Astronomers using NASA's Hubble Space Telescope have obtained images of the strikingly unusual planetary nebula, NGC 6751.
Glowing in the constellation Aquila like a giant eye, the nebula is a cloud of gas ejected several thousand years ago from the hot
star visible in its center.

"Planetary nebulae" are named after their round shapes as seen visually in small telescopes, and have nothing else to do with
planets. They are shells of gas thrown off by stars of masses similar to that of our own Sun, when the stars are nearing the ends
of their lives. The loss of the outer layers of the star into space exposes the hot stellar core, whose strong ultraviolet radiation then
causes the ejected gas to fluoresce as the planetary nebula. Our own Sun is predicted to eject its planetary nebula some 6 billion
years from now.

The Hubble observations were obtained in 1998 with the Wide Field Planetary Camera 2 (WFPC2) by a team of astronomers led
by Arsen Hajian of the U.S. Naval Observatory in Washington, DC. The Hubble Heritage team, working at the Space Telescope
Science Institute in Baltimore, has prepared this color rendition by combining the Hajian team's WFPC2 images taken through
three different color filters that isolate nebular gases of different temperatures.

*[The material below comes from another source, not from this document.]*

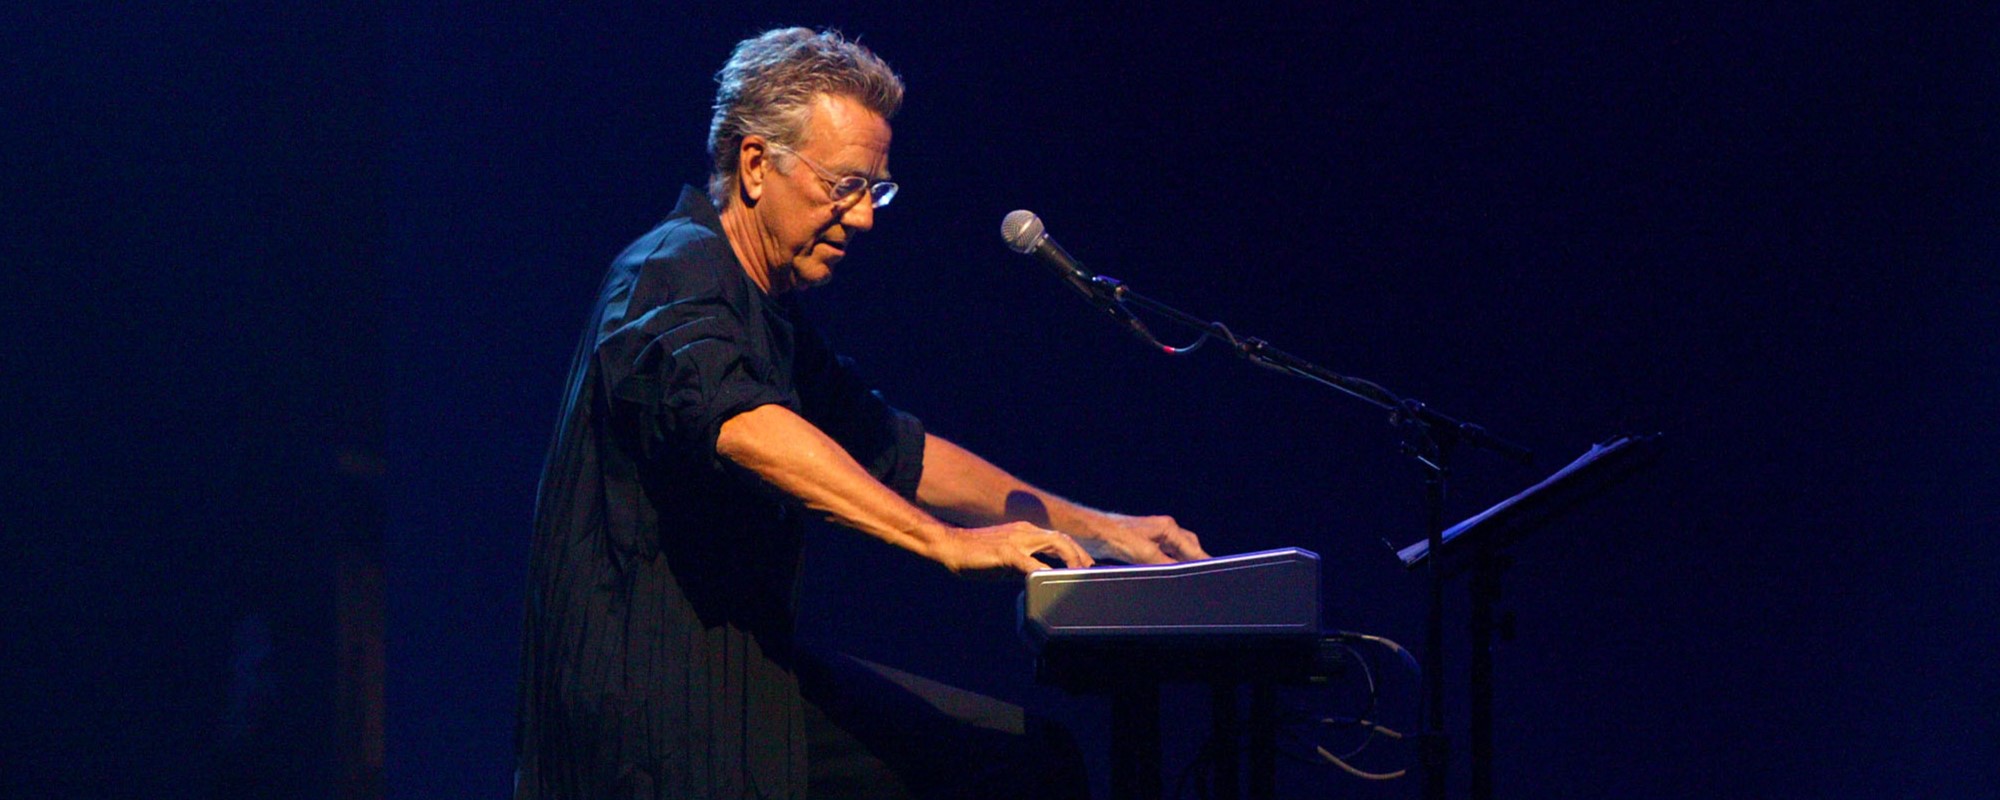 5 Songs by Various Artists Featuring The Doors’ Ray Manzarek—Including Weird Al and Skrillex

The nebula shows several remarkable and poorly understood features. Blue regions mark the hottest glowing gas, which forms a
roughly circular ring around the central stellar remnant. Orange and red show the locations of cooler gas. The cool gas tends to
lie in long streamers pointing away from the central star, and in a surrounding, tattered-looking ring at the outer edge of the nebula.

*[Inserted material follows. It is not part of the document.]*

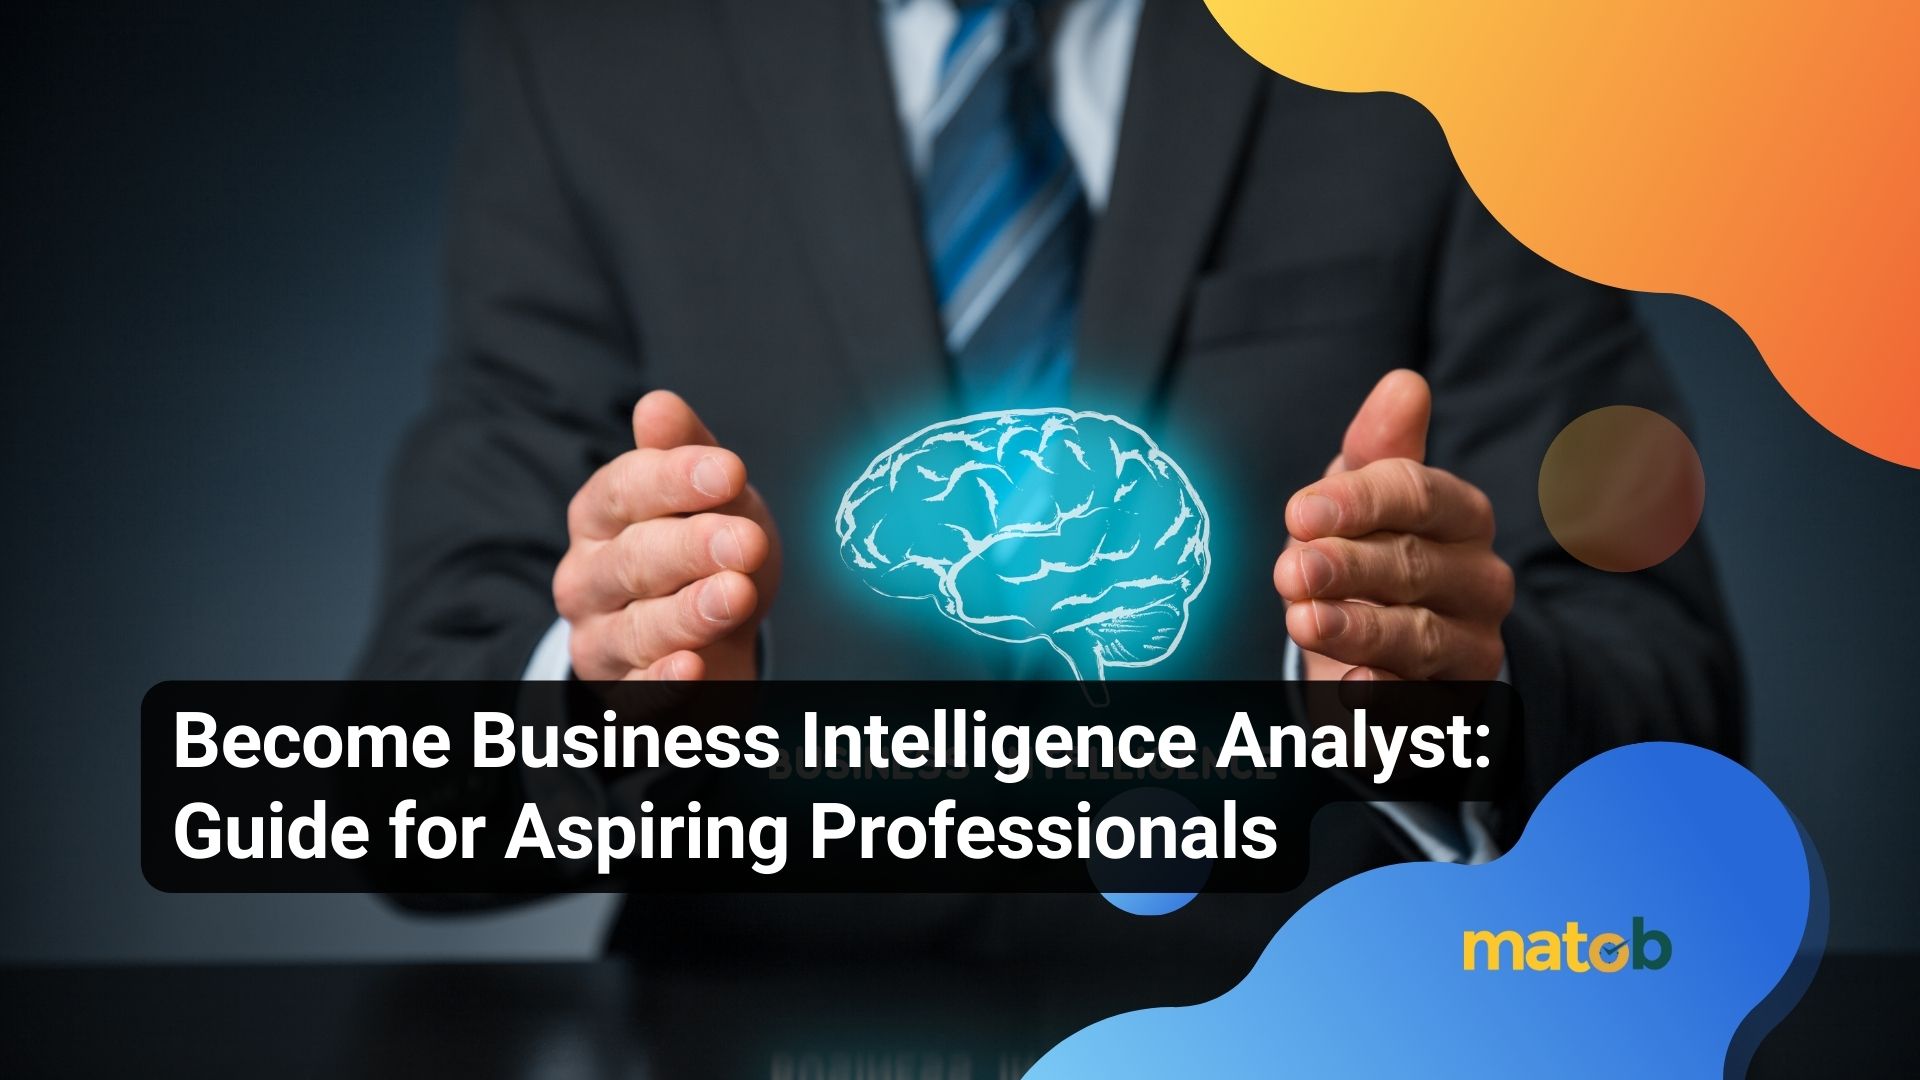 Become Business Intelligence Analyst: Guide for Aspiring Professionals

The origin of these cooler clouds within the nebula is still uncertain, but the streamers are clear evidence that their shapes are
affected by radiation and stellar winds from the hot star at the center. The star's surface temperature is estimated at a scorching
140,000 degrees Celsius (250,000 degrees Fahrenheit).

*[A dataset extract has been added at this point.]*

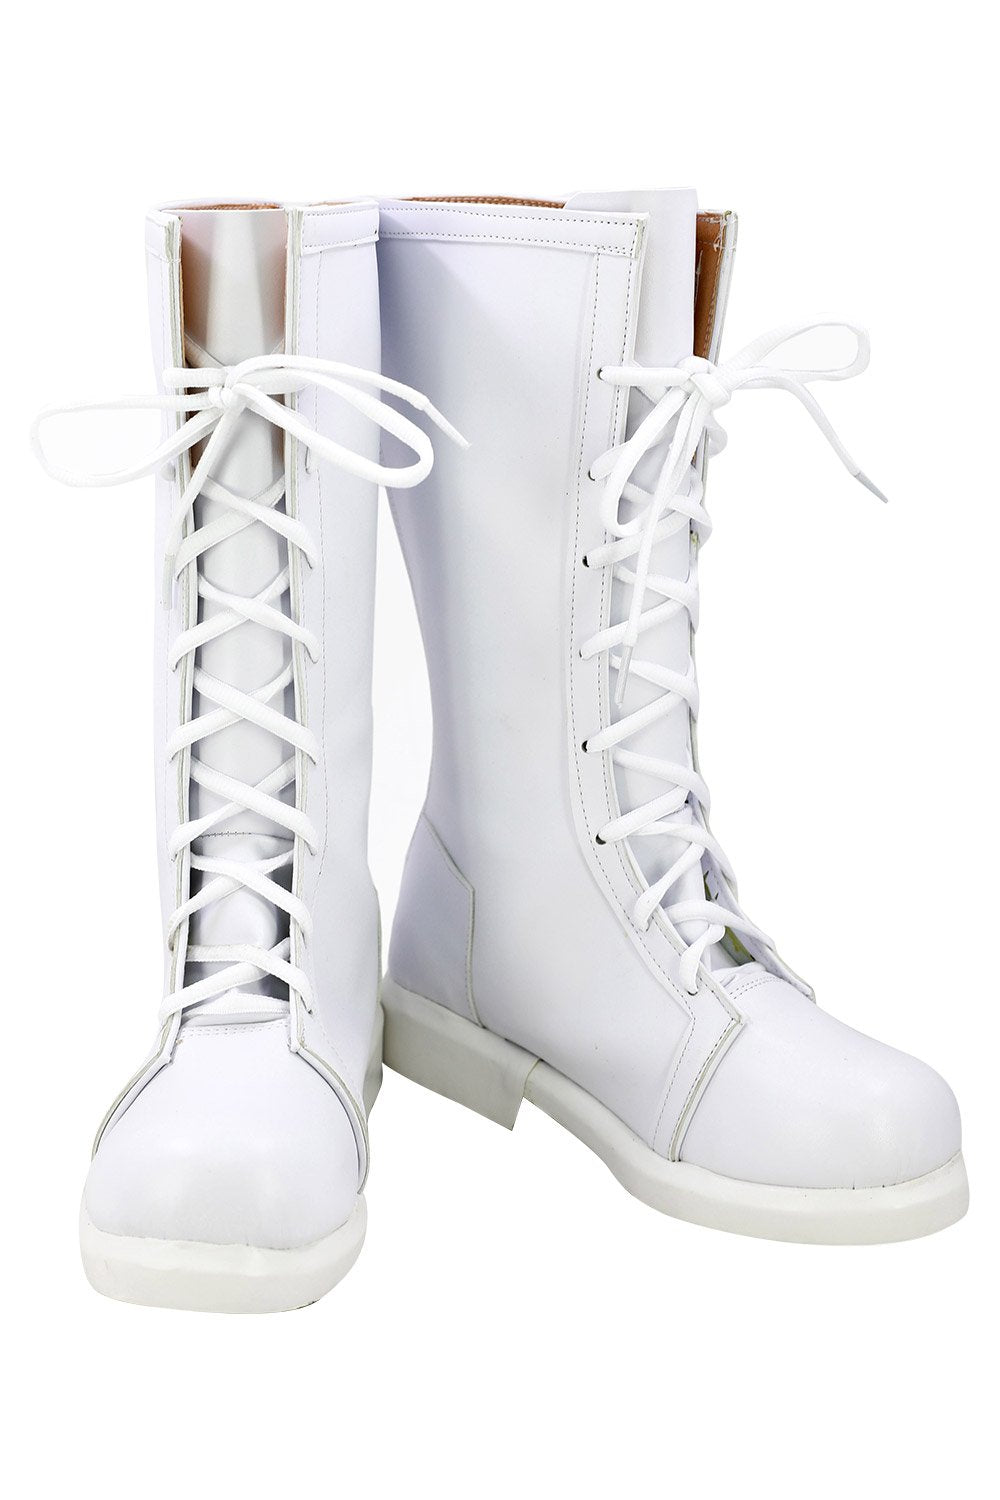 Cells at Work! Neutrophil Bottes Cosplay Chaussures

Hajian and his team are scheduled to reobserve NGC 6751 with Hubble's WFPC2 in 2001. Due to the expansion of the nebula,
at a speed of about 40 kilometers per second (25 miles per second), the high resolution of Hubble's camera will reveal the slight
increase in the size of the nebula since 1998. This measurement will allow the astronomers to calculate an accurate distance to
NGC 6751. In the meantime, current estimates are that NGC 6751 is roughly 6,500 light-years from Earth. The nebula's diameter
is 0.8 light-years, some 600 times the diameter of our own solar system.